Coding though, for someone who has prided himself on being a technophobe all these years and forever too cool for school, this is quite the corner to have turned. Who knows though, I’ve got to stick to something one day and this allows for a hell of a lot of flexibility, freedom and creativity. It may just be something that grabs my attention when I’m not sailing or getting beaten up by girls.

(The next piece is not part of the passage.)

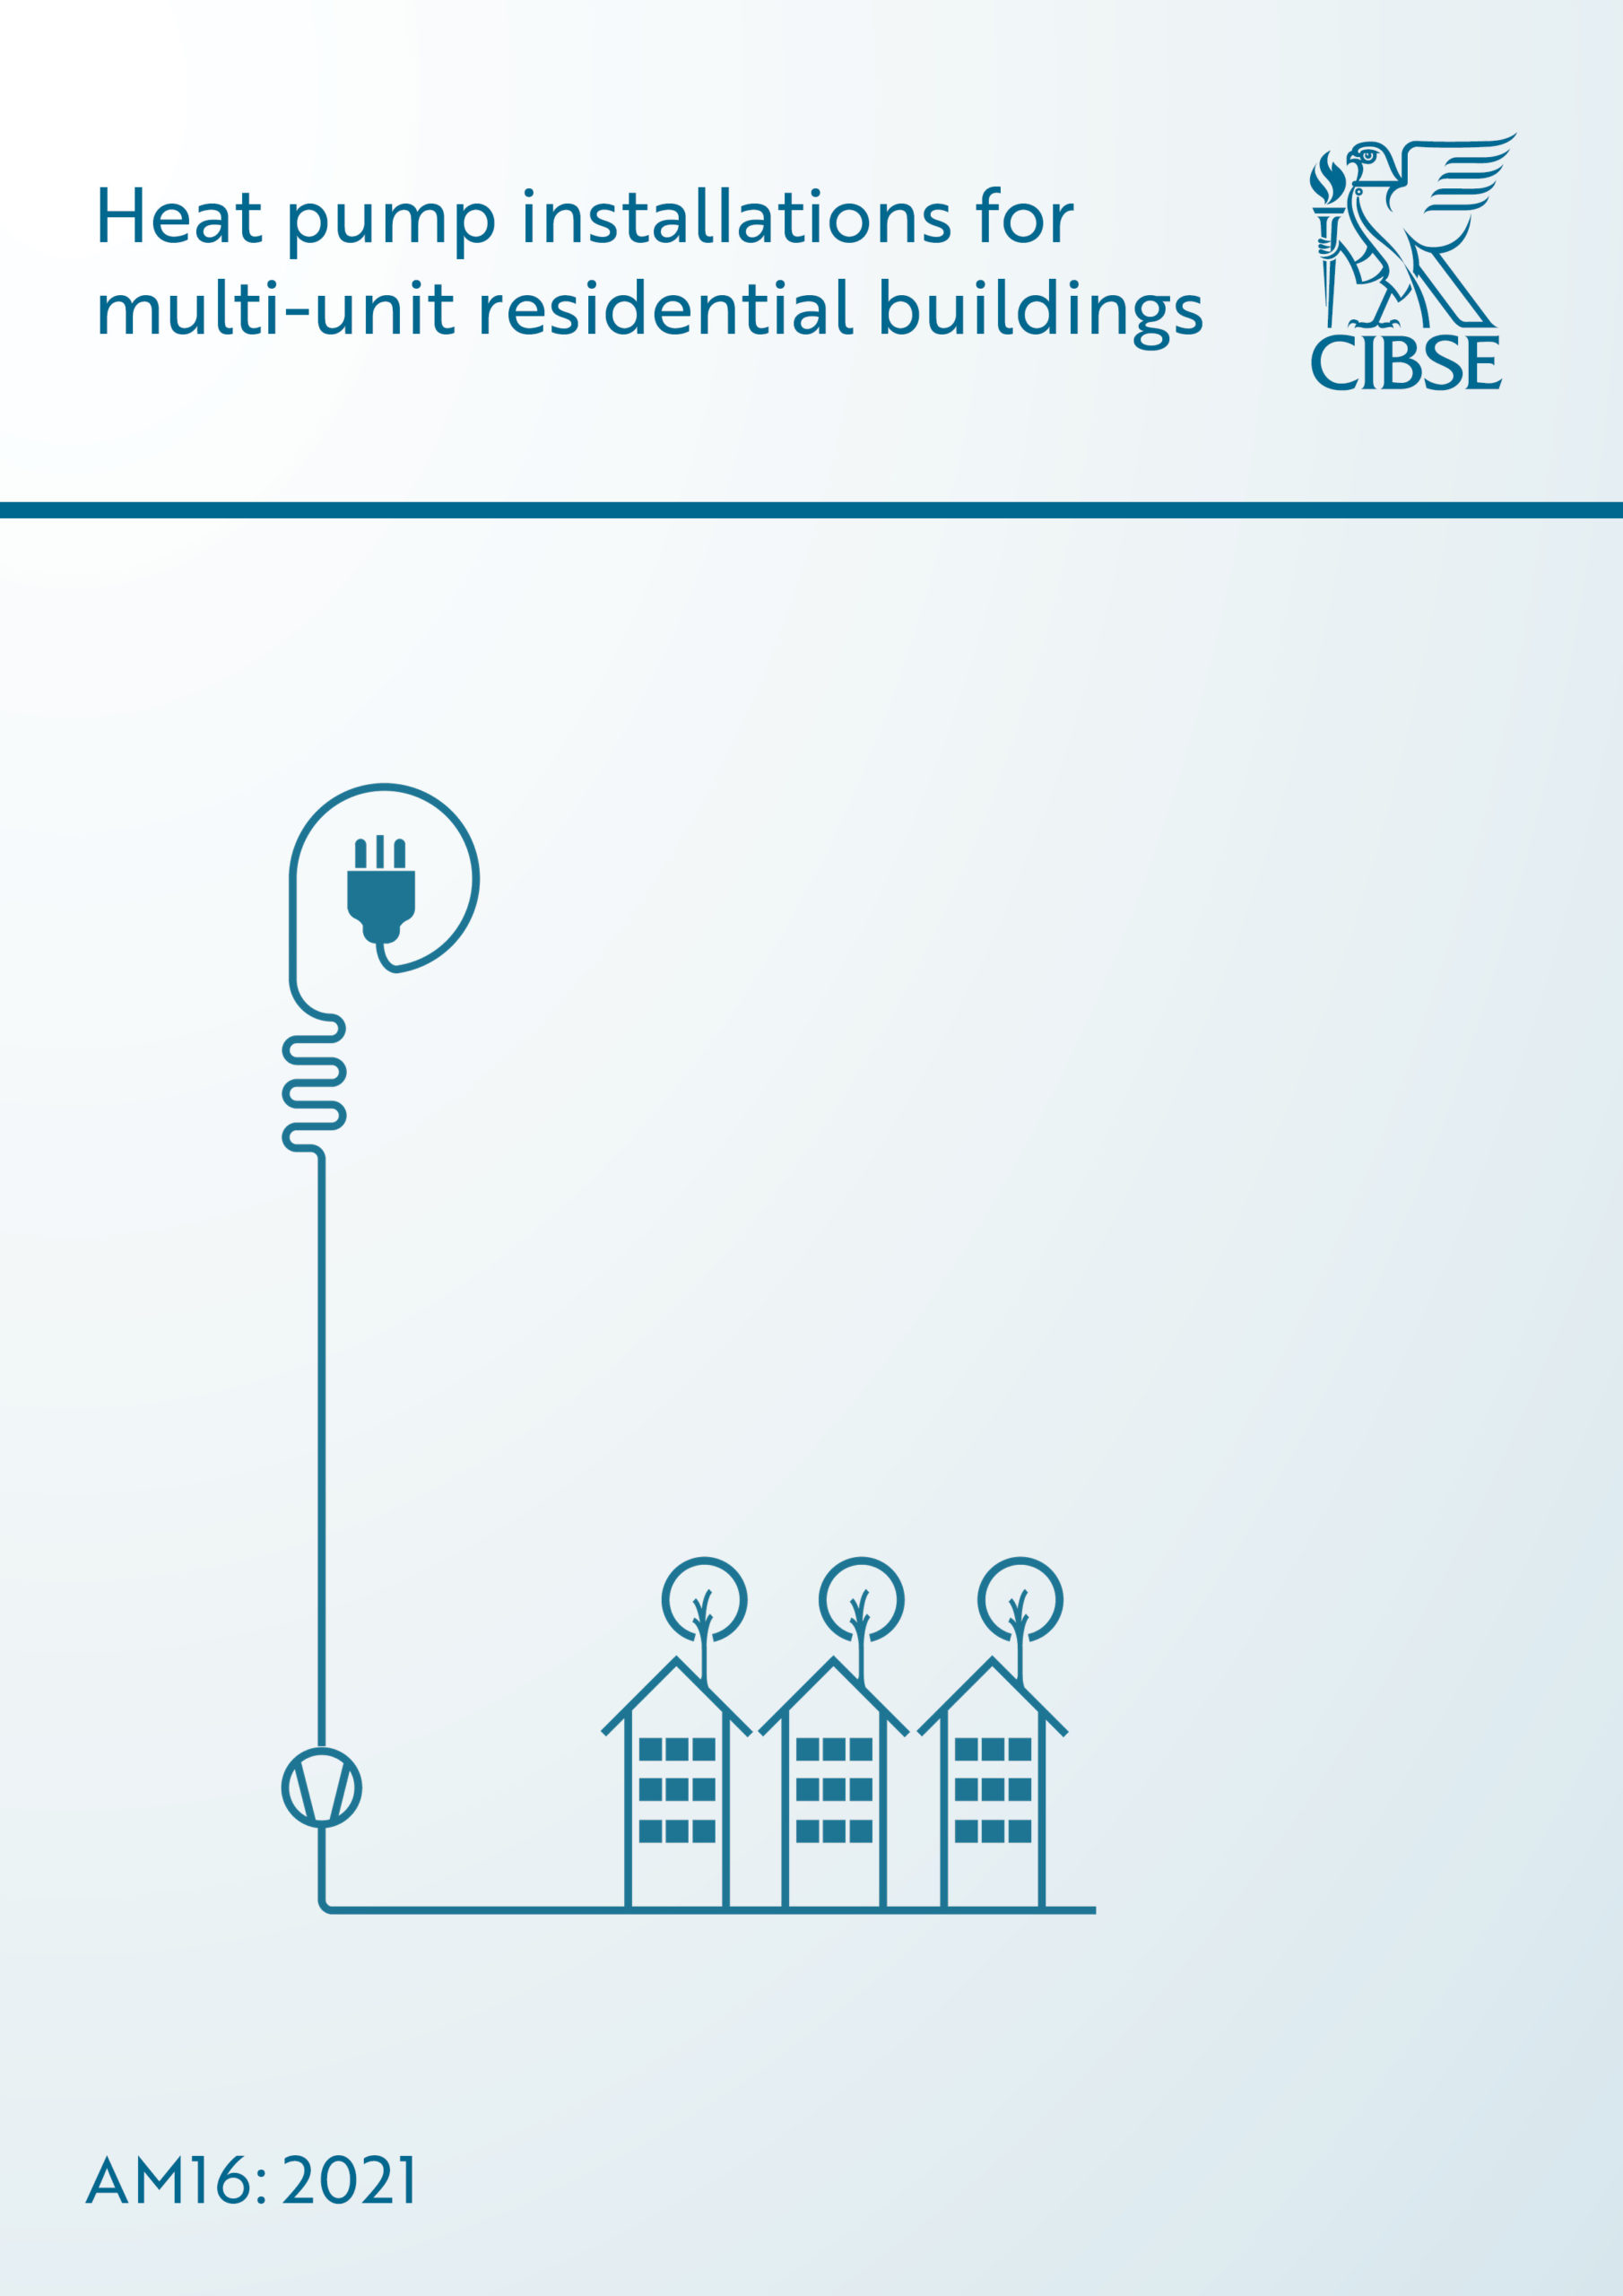 CIBSE launches design guidance for heat pumps in high density housing

With all that in mind it is worth pointing out that there is always more to anything. We are put under so much pressure from society to achieve X, Y and Z, and to have done it by a certain age. For sure there are many people out there lost, with no idea what they’re doing or where they’re going. It is a stressful existence and it disgusts me that people have been allowed to slip through the cracks, forgotten and ignored. They may feel alone but they’re not, that’s almost the worst part. Stand up my brothers and sisters, societies outcasts who have not, can not and do not want to achieve success in a style unnatural and forced upon them. Be free and embrace your freedom. Realise you are the lucky few. And while you’re at it, why not take up a hobby or two.